** ACTION ITEM **
Could you restate every line of the data word for word?
◇ ◇ ◇ ◇ ◇
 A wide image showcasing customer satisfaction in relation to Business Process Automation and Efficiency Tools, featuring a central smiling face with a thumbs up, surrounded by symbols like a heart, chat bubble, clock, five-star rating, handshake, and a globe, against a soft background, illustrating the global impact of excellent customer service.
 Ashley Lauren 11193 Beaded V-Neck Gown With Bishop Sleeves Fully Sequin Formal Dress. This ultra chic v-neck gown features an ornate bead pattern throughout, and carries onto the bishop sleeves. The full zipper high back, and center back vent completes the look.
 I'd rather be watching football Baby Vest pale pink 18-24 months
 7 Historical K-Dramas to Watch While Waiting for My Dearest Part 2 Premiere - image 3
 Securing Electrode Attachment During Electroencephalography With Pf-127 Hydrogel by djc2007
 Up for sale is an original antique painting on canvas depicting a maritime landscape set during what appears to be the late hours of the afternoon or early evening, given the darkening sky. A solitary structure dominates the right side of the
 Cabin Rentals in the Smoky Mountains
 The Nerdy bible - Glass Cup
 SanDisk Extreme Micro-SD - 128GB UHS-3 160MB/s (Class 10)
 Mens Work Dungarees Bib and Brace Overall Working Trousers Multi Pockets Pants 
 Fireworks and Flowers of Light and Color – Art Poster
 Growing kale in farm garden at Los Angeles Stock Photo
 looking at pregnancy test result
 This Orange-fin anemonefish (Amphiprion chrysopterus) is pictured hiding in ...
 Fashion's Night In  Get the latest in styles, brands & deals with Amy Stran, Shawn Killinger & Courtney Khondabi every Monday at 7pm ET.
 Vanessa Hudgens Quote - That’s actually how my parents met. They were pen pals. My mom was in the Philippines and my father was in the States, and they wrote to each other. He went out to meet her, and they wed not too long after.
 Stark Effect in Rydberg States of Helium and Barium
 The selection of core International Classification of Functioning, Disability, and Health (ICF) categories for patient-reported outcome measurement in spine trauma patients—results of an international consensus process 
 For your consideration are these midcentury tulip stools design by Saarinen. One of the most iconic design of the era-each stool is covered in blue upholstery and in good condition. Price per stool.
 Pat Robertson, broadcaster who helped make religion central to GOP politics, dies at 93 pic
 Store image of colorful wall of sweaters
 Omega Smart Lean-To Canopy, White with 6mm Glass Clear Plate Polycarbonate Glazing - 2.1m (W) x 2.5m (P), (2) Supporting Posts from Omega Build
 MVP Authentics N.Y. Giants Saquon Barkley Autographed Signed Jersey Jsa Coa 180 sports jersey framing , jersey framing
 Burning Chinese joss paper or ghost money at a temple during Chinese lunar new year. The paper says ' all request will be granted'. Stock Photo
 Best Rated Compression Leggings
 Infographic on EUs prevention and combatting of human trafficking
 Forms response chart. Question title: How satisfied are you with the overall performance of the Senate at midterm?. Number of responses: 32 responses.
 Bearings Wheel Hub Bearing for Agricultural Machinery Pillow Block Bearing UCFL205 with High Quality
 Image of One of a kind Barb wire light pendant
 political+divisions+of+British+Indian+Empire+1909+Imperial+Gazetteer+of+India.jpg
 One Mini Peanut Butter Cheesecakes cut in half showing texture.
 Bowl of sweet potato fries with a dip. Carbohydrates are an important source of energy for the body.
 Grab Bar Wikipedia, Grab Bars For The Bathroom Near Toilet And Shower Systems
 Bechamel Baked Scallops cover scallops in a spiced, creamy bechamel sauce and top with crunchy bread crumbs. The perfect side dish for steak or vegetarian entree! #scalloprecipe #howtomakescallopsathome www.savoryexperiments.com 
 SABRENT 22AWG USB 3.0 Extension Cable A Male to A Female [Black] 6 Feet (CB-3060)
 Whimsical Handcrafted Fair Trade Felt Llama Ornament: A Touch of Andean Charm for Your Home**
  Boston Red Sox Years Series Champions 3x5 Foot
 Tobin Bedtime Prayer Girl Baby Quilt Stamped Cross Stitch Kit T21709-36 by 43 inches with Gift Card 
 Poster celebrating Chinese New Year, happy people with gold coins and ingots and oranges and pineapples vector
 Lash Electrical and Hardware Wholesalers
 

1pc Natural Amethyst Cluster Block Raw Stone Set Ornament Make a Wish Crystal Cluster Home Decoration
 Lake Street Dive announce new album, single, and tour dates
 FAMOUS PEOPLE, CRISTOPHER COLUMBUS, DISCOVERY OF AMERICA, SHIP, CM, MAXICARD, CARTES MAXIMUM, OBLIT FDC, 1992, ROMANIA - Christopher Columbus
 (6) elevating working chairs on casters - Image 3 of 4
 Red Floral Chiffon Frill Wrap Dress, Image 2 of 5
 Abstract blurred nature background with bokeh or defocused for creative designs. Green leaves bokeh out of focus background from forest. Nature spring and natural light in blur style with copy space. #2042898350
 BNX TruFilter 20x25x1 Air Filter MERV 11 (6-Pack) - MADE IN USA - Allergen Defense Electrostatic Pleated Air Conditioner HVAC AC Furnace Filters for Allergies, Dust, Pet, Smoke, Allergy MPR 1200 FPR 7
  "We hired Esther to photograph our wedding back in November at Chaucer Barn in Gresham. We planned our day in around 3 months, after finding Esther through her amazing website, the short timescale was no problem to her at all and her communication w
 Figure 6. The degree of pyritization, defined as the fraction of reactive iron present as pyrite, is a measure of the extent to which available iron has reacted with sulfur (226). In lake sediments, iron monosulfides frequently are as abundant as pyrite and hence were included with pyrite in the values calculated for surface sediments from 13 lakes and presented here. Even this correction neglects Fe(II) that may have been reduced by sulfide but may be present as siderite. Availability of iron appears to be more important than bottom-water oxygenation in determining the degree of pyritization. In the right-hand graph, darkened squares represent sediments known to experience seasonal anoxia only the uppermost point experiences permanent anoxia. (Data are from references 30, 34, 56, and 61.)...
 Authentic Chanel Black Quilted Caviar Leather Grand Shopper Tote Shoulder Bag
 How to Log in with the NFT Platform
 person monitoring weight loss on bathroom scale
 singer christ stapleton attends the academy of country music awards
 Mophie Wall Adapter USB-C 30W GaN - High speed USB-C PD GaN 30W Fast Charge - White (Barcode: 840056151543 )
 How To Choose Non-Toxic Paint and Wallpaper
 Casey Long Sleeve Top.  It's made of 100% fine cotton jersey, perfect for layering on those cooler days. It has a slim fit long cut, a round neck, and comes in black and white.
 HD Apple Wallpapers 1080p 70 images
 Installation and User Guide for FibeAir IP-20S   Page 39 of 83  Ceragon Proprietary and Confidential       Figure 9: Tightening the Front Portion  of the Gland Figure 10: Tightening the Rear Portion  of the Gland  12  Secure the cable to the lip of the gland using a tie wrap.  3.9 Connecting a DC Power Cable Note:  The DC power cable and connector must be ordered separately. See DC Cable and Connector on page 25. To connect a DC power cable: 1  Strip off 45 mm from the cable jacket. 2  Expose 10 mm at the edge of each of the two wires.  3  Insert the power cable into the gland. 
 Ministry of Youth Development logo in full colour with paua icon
◇ ◇ ◇ ◇ ◇
** WRITTEN ANSWER **
 A wide image showcasing customer satisfaction in relation to Business Process Automation and Efficiency Tools, featuring a central smiling face with a thumbs up, surrounded by symbols like a heart, chat bubble, clock, five-star rating, handshake, and a globe, against a soft background, illustrating the global impact of excellent customer service.
 Ashley Lauren 11193 Beaded V-Neck Gown With Bishop Sleeves Fully Sequin Formal Dress. This ultra chic v-neck gown features an ornate bead pattern throughout, and carries onto the bishop sleeves. The full zipper high back, and center back vent completes the look.
 I'd rather be watching football Baby Vest pale pink 18-24 months
 7 Historical K-Dramas to Watch While Waiting for My Dearest Part 2 Premiere - image 3
 Securing Electrode Attachment During Electroencephalography With Pf-127 Hydrogel by djc2007
 Up for sale is an original antique painting on canvas depicting a maritime landscape set during what appears to be the late hours of the afternoon or early evening, given the darkening sky. A solitary structure dominates the right side of the
 Cabin Rentals in the Smoky Mountains
 The Nerdy bible - Glass Cup
 SanDisk Extreme Micro-SD - 128GB UHS-3 160MB/s (Class 10)
 Mens Work Dungarees Bib and Brace Overall Working Trousers Multi Pockets Pants 
 Fireworks and Flowers of Light and Color – Art Poster
 Growing kale in farm garden at Los Angeles Stock Photo
 looking at pregnancy test result
 This Orange-fin anemonefish (Amphiprion chrysopterus) is pictured hiding in ...
 Fashion's Night In  Get the latest in styles, brands & deals with Amy Stran, Shawn Killinger & Courtney Khondabi every Monday at 7pm ET.
 Vanessa Hudgens Quote - That’s actually how my parents met. They were pen pals. My mom was in the Philippines and my father was in the States, and they wrote to each other. He went out to meet her, and they wed not too long after.
 Stark Effect in Rydberg States of Helium and Barium
 The selection of core International Classification of Functioning, Disability, and Health (ICF) categories for patient-reported outcome measurement in spine trauma patients—results of an international consensus process 
 For your consideration are these midcentury tulip stools design by Saarinen. One of the most iconic design of the era-each stool is covered in blue upholstery and in good condition. Price per stool.
 Pat Robertson, broadcaster who helped make religion central to GOP politics, dies at 93 pic
 Store image of colorful wall of sweaters
 Omega Smart Lean-To Canopy, White with 6mm Glass Clear Plate Polycarbonate Glazing - 2.1m (W) x 2.5m (P), (2) Supporting Posts from Omega Build
 MVP Authentics N.Y. Giants Saquon Barkley Autographed Signed Jersey Jsa Coa 180 sports jersey framing , jersey framing
 Burning Chinese joss paper or ghost money at a temple during Chinese lunar new year. The paper says ' all request will be granted'. Stock Photo
 Best Rated Compression Leggings
 Infographic on EUs prevention and combatting of human trafficking
 Forms response chart. Question title: How satisfied are you with the overall performance of the Senate at midterm?. Number of responses: 32 responses.
 Bearings Wheel Hub Bearing for Agricultural Machinery Pillow Block Bearing UCFL205 with High Quality
 Image of One of a kind Barb wire light pendant
 political+divisions+of+British+Indian+Empire+1909+Imperial+Gazetteer+of+India.jpg
 One Mini Peanut Butter Cheesecakes cut in half showing texture.
 Bowl of sweet potato fries with a dip. Carbohydrates are an important source of energy for the body.
 Grab Bar Wikipedia, Grab Bars For The Bathroom Near Toilet And Shower Systems
 Bechamel Baked Scallops cover scallops in a spiced, creamy bechamel sauce and top with crunchy bread crumbs. The perfect side dish for steak or vegetarian entree! #scalloprecipe #howtomakescallopsathome www.savoryexperiments.com 
 SABRENT 22AWG USB 3.0 Extension Cable A Male to A Female [Black] 6 Feet (CB-3060)
 Whimsical Handcrafted Fair Trade Felt Llama Ornament: A Touch of Andean Charm for Your Home**
  Boston Red Sox Years Series Champions 3x5 Foot
 Tobin Bedtime Prayer Girl Baby Quilt Stamped Cross Stitch Kit T21709-36 by 43 inches with Gift Card 
 Poster celebrating Chinese New Year, happy people with gold coins and ingots and oranges and pineapples vector
 Lash Electrical and Hardware Wholesalers
 

1pc Natural Amethyst Cluster Block Raw Stone Set Ornament Make a Wish Crystal Cluster Home Decoration
 Lake Street Dive announce new album, single, and tour dates
 FAMOUS PEOPLE, CRISTOPHER COLUMBUS, DISCOVERY OF AMERICA, SHIP, CM, MAXICARD, CARTES MAXIMUM, OBLIT FDC, 1992, ROMANIA - Christopher Columbus
 (6) elevating working chairs on casters - Image 3 of 4
 Red Floral Chiffon Frill Wrap Dress, Image 2 of 5
 Abstract blurred nature background with bokeh or defocused for creative designs. Green leaves bokeh out of focus background from forest. Nature spring and natural light in blur style with copy space. #2042898350
 BNX TruFilter 20x25x1 Air Filter MERV 11 (6-Pack) - MADE IN USA - Allergen Defense Electrostatic Pleated Air Conditioner HVAC AC Furnace Filters for Allergies, Dust, Pet, Smoke, Allergy MPR 1200 FPR 7
  "We hired Esther to photograph our wedding back in November at Chaucer Barn in Gresham. We planned our day in around 3 months, after finding Esther through her amazing website, the short timescale was no problem to her at all and her communication w
 Figure 6. The degree of pyritization, defined as the fraction of reactive iron present as pyrite, is a measure of the extent to which available iron has reacted with sulfur (226). In lake sediments, iron monosulfides frequently are as abundant as pyrite and hence were included with pyrite in the values calculated for surface sediments from 13 lakes and presented here. Even this correction neglects Fe(II) that may have been reduced by sulfide but may be present as siderite. Availability of iron appears to be more important than bottom-water oxygenation in determining the degree of pyritization. In the right-hand graph, darkened squares represent sediments known to experience seasonal anoxia only the uppermost point experiences permanent anoxia. (Data are from references 30, 34, 56, and 61.)...
 Authentic Chanel Black Quilted Caviar Leather Grand Shopper Tote Shoulder Bag
 How to Log in with the NFT Platform
 person monitoring weight loss on bathroom scale
 singer christ stapleton attends the academy of country music awards
 Mophie Wall Adapter USB-C 30W GaN - High speed USB-C PD GaN 30W Fast Charge - White (Barcode: 840056151543 )
 How To Choose Non-Toxic Paint and Wallpaper
 Casey Long Sleeve Top.  It's made of 100% fine cotton jersey, perfect for layering on those cooler days. It has a slim fit long cut, a round neck, and comes in black and white.
 HD Apple Wallpapers 1080p 70 images
 Installation and User Guide for FibeAir IP-20S   Page 39 of 83  Ceragon Proprietary and Confidential       Figure 9: Tightening the Front Portion  of the Gland Figure 10: Tightening the Rear Portion  of the Gland  12  Secure the cable to the lip of the gland using a tie wrap.  3.9 Connecting a DC Power Cable Note:  The DC power cable and connector must be ordered separately. See DC Cable and Connector on page 25. To connect a DC power cable: 1  Strip off 45 mm from the cable jacket. 2  Expose 10 mm at the edge of each of the two wires.  3  Insert the power cable into the gland. 
 Ministry of Youth Development logo in full colour with paua icon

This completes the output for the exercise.